Ostritz. Kennen Sie Siegfriedsdorf? Nicht wirklich? Stimmt, das geht ja auch nicht. Denn im Jahr 1427 erreichte ein Hussitenheer den kleinen Ort und verwüstete ihn völlig. Nur ein Kapellenfragment und ein Brunnen erinnern an diese Stätte. Im 12. Jahrhundert war die Ansiedlung oberhalb des Klosters Marienthal bei Ostritz entstanden. Siegfriedsdorf erstreckte sich längs eines kleinen Bächleins nahe der heutigen Bundesstraße 99. Vom Bergfrieden aus, einem holprigen Parkplatz, erreicht man die einstige Stelle nach nur fünf Minuten Fußweg.

Bis 1855 war hier noch Feld, dann wurde der Klosterwald darauf angelegt und ausgedehnt. Als urkundliche Erwähnung wird gern auf die böhmische Königin Kunigunde verwiesen, die 1234 das Kloster gründete und auf den damals „Sifridsdorf“ geschriebenen Ort Bezug nahm. 1241 bestätigte König Wenzeslaus die Schenkung an das Kloster. 1834, so kann man es in Schönfelders „Geschichte des Klosters“ lesen, waren von Siegfriedsdorf noch Grundmauerreste erkennbar. Heute wird der Wanderer mitten im Wald nur noch von einer verwachsenen Treppe überrascht, die zur Siegfriedskapelle führt. Das ist eine gotische Spitzsäule mit dem Bild des Bischofs Siegfried. Das war der Namenspatron des Dorfes. Das Monument stammt allerdings nicht aus der wahren Dorfgeschichte, sondern wurde 1859 im Auftrag des Klosters zur Erinnerung gestiftet.
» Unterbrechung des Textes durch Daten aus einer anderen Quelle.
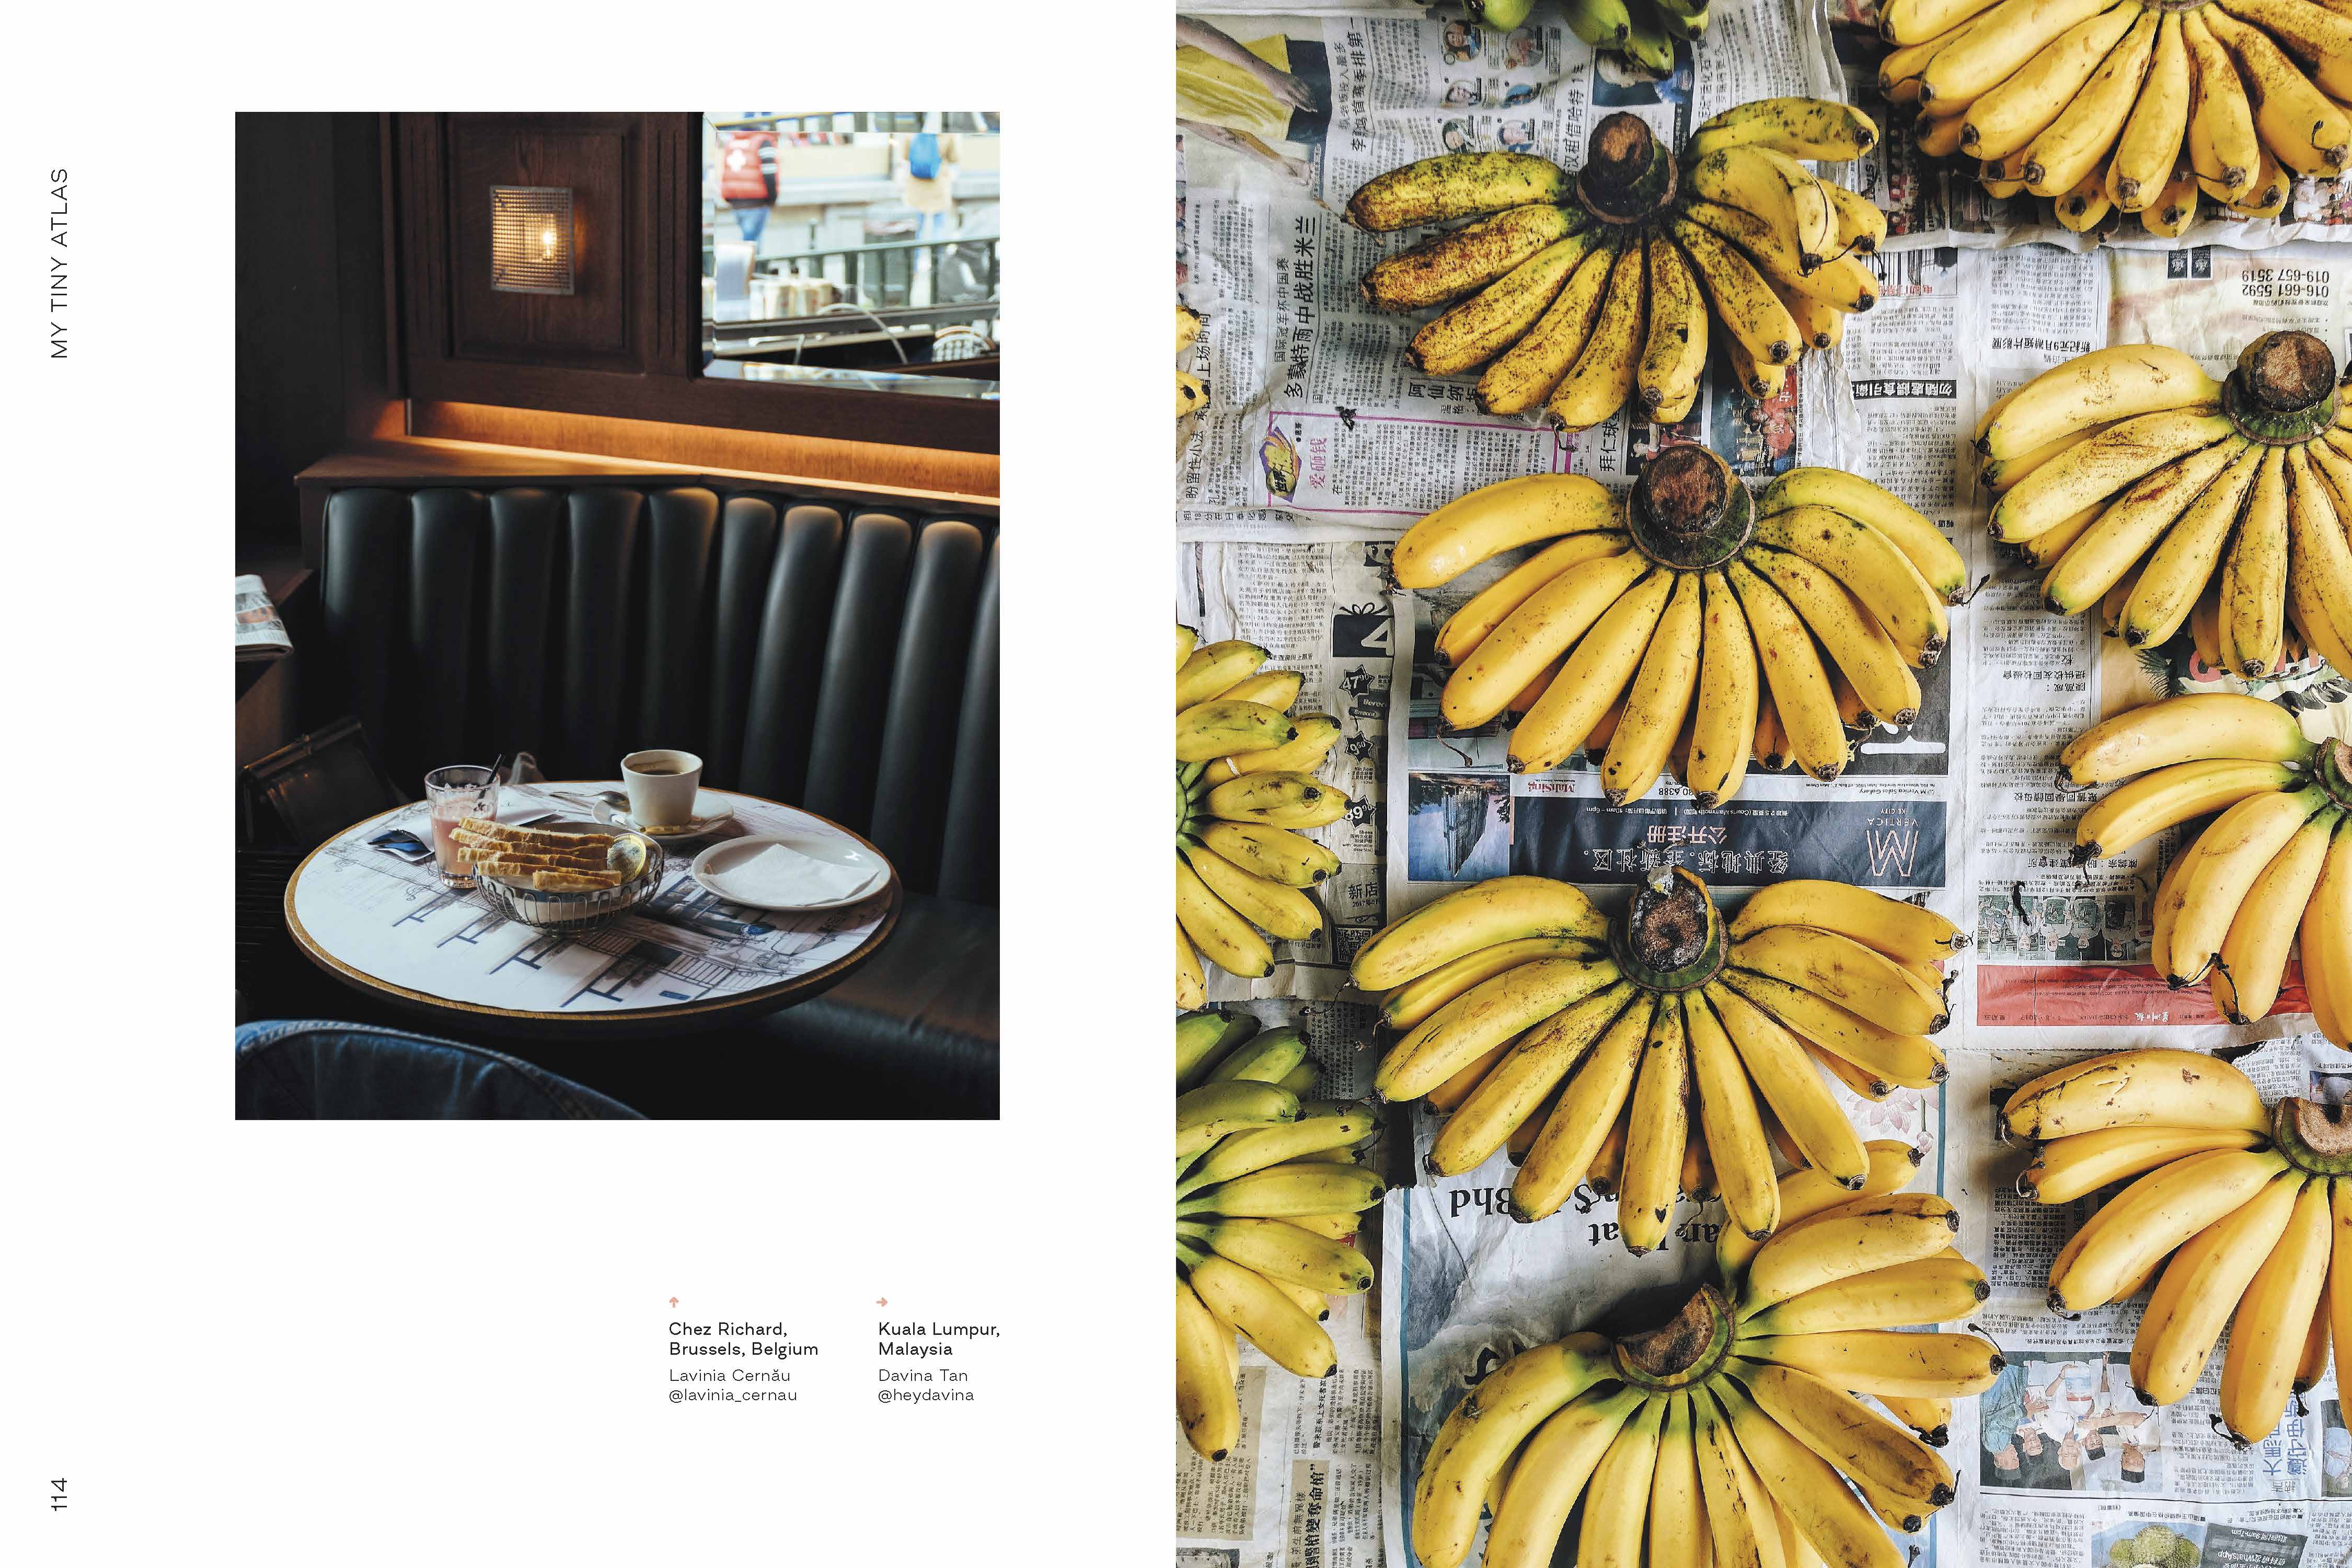 Cafe table in Brussels Belgium and banana bundles on display in Malaysia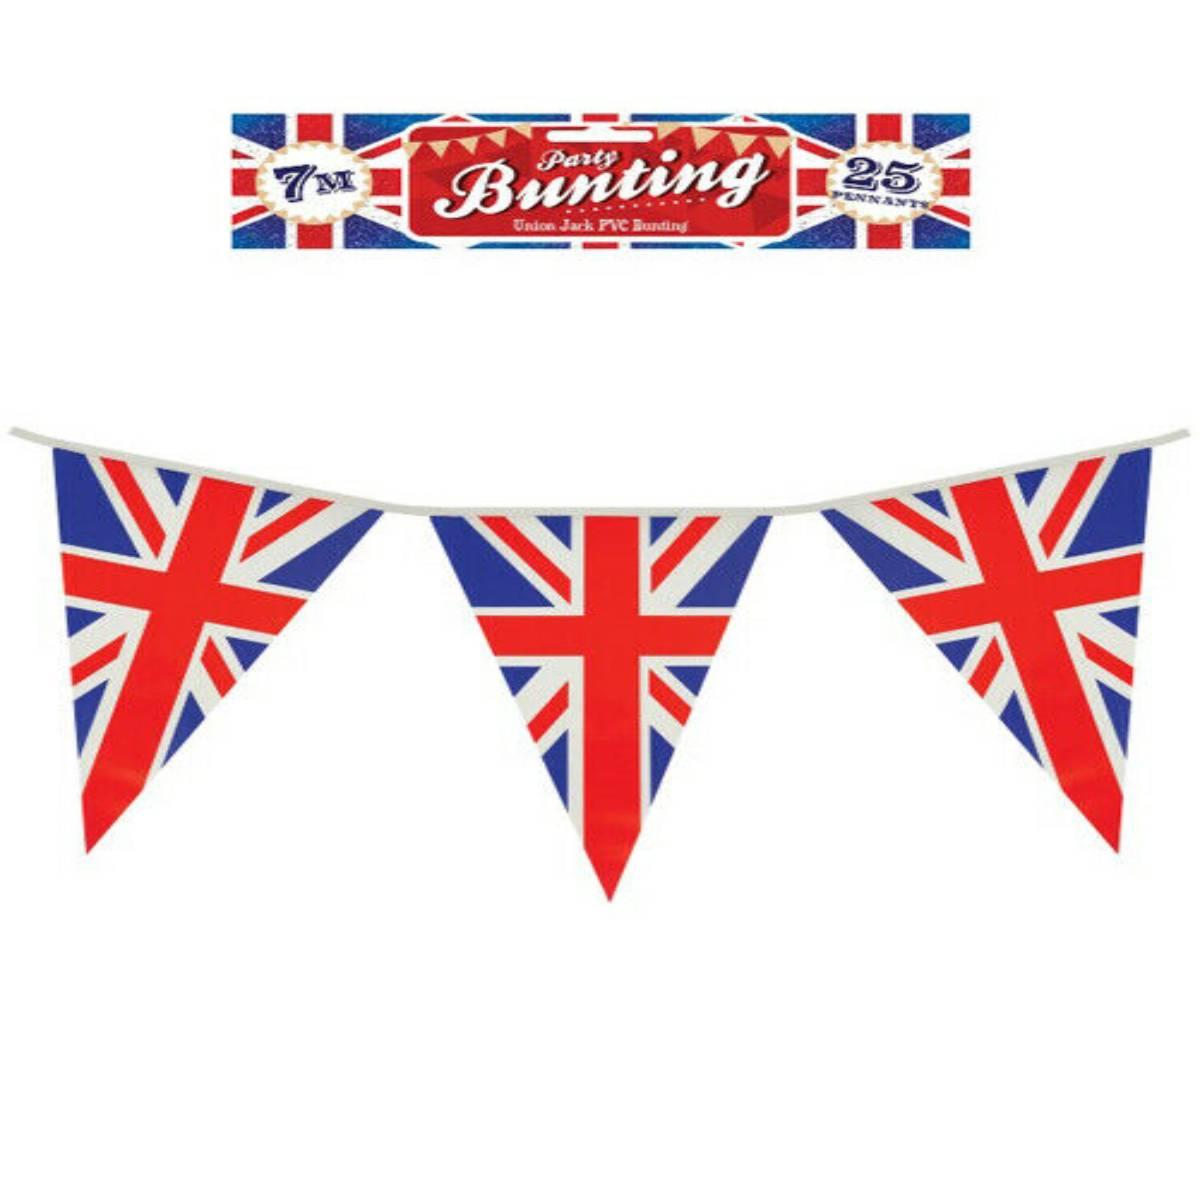 7m Pennant Union Jack Bunting with 25 Flags by Henbrandt F63003 available here at Karnival Costumes online party shop

Überhaupt hatte das Kloster viele Jahre die Intention, das alte Dorf wiederzubeleben. Als Johann Gottlieb Fischer, ein Ostritzer, 1764 ein Wirtshaus auf dem Berge einrichten wollte, wurde er von den frommen Frauen unterstützt. Äbtissin Anastasia Rösler schrieb an die Regierung: „Es ist unser Wunsch, durch Errichtung eines Jägerhauses und einer Schäferei eine Ansiedlung zu schaffen, um das alte Dorf wieder entstehen zu lassen.“ Viele Jahre gab es daraufhin das Wirtshaus „Bergfrieden“. Zur Erinnerung an das alte Dorf sollen auch die Lärchen dienen, die die klösterliche Forstverwaltung etwa hundert Meter nebenan in Form eines Kreuzes pflanzen ließ. Vermutlich befand sich an dieser Stelle einst der Friedhof. Vielleicht liegen dort auch noch viele der beim Hussitenüberfall 1427 gefallenen Siegfriedsdorfer? Viele indes suchten im Kloster Zuflucht, als die Horden das Dorf dem Erdboden gleichmachten.

Einige Brunnen jedoch überdauerten die Jahre. Da sie aber Gefahrenquellen darstellten, wurden sie zugeschüttet, der letzte wohl 1936. Schließlich gab es um 1960 nur noch einen Bürger, Paul Rudolf aus Marienthal, der eine Brunnenstelle wusste. Seinen Hinweisen gingen damals Heimatforscher nach und gruben bis in zwei Meter Tiefe, was bei dem nur 80 cm breiten Brunnenschacht nicht leicht war. Dann aber hatten sich Steinbrocken derart verkeilt, dass von weiteren Arbeiten abgesehen wurde. Die Untersuchungen ergaben, dass es sich um einen Ziehbrunnen gehandelt hat, auf Wasser wird man erst nach mindestens fünf Meter Tiefe gestoßen sein.

Der „Bergfrieden“ ist leider längst kein Lokal mehr. Wanderern wird empfohlen, nach einem Rundgang an die Neiße in der Klosterschänke einzukehren. Zurück geht es dann am einfachsten über den Stationsberg.